# Hymer washroom mirror



## Tucano (Jun 9, 2006)

Happy New Year to all,

The mirror backing is coming away from the above mentioned mirror and it appears to be quite a complicated process to remove various pieces in the washroom simply to replace the mirror.

The van is a 2006 reg Hymer 584, has anyone reading this attempted the task, I am now considering the simpler solution of breaking the mirror  

Many thanks,

Norman.


----------



## lipupfatty (Sep 3, 2008)

Hello, I had a 584 a few years ago where the mirror became loose.
I just sikaflexed it back on. With that stuff on it the rest of the van could fall apart before it comes off again. :idea:


----------



## p-c (Oct 27, 2007)

Hi
A happy new year to you to.
Perhaps rather than breaking it if it is still soundly fixed, and it is only the mirror backing peeling, you could stick another mirror over it. A specialist glass shop will cut and finish one to size and template.
p-c


----------



## bjandlin (Sep 15, 2009)

*hymer mirror*

Hello, I've changed mine.
The mirror is held with 3 vertical strips of double sided tape & one along the bottom edge above the basin.
I removed mine by gently easing it away from the bottom left corner.
It's free on the left hand side & in a recess on the right hand.
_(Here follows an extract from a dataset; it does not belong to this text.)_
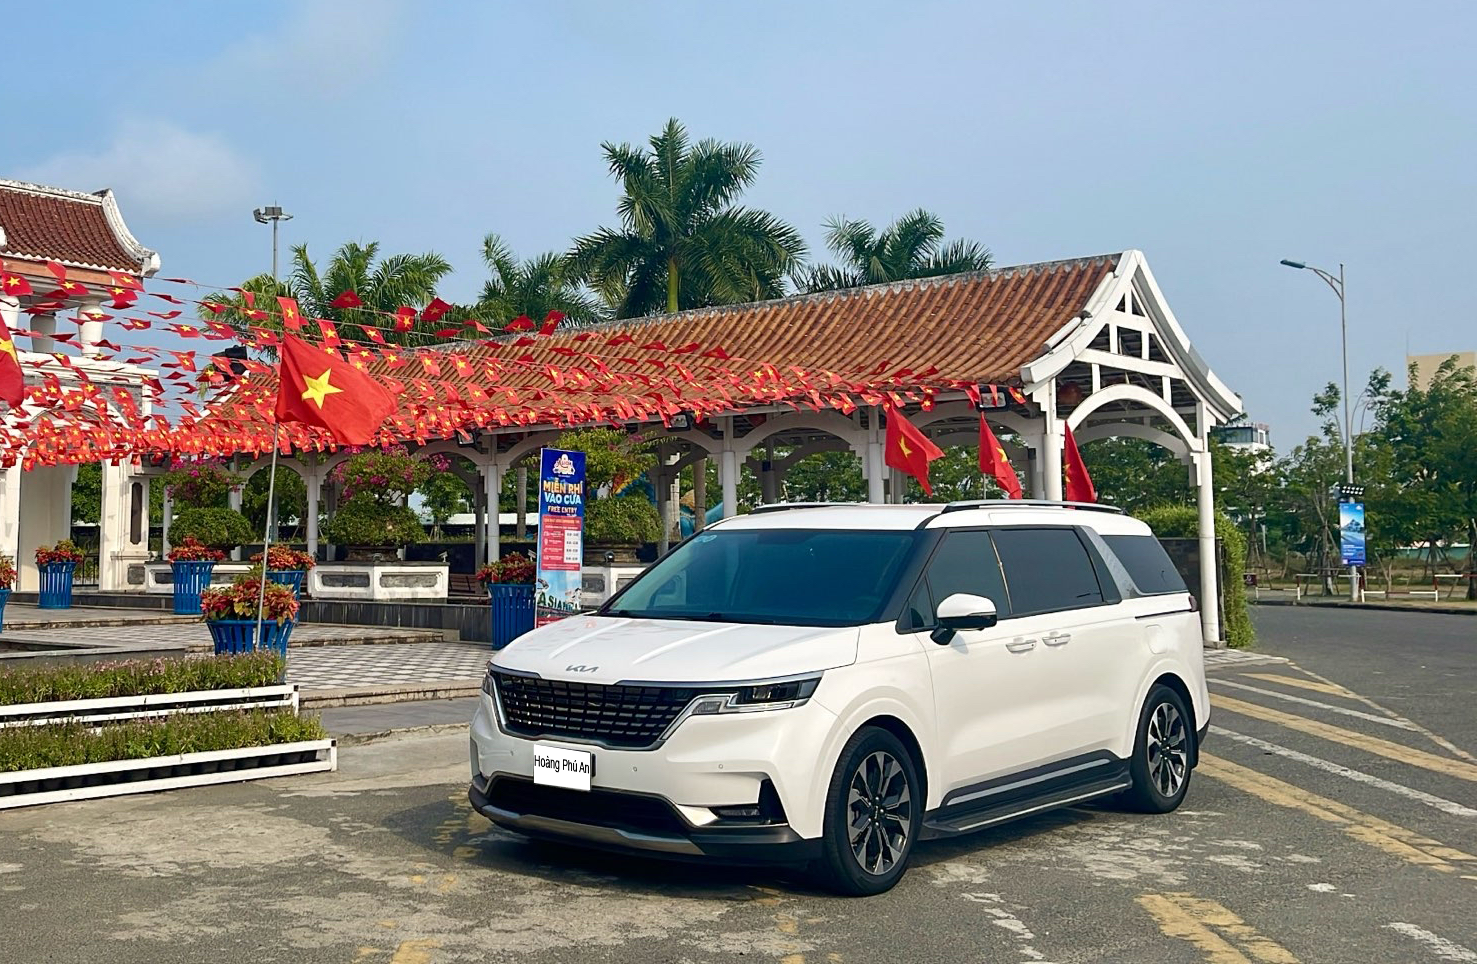 Dịch vụ thuê xe đưa đón sân bay - khách sạn nội thành của Hoàng Phú An mang đến cho bạn một trải nghiệm di chuyển thuận tiện, an toàn và tiết kiệm.

So you need to ease it all the way up from the left first.
The new mirror I had cut to size & refitted with double sided again.
First fitting into the r/h recess.
You may like to think of doing as I have in making the new mirror about an inch shorter. You will see once you've removed it that it covers the top fixing screws for the wash basin. So if you ever need to remove the basin you have to go through all the hassle of taking the mirror off again.
I found a wood strip to match the other trims & fitted it with the tape again. Looks really original & I can get the basin out easily if needed.
PM me if I can help further.
Barrie.


----------



## bjandlin (Sep 15, 2009)

*hymer mirror*

PS.
Forgot to say, take off the bezels from the 2 lamps above the basin.
Barrie.


----------



## Tucano (Jun 9, 2006)

Once again I thank members of this forum for their advice, on this occasion bjandlin have given me exactly what I wanted to know.
Norman.


----------



## Tucano (Jun 9, 2006)

An update to my original post,

I deliberately broke the mirror today and then carefully removed the pieces. 
I just need to measure up and order a replacement now, thanks to the advice offered previously.

Norman.


----------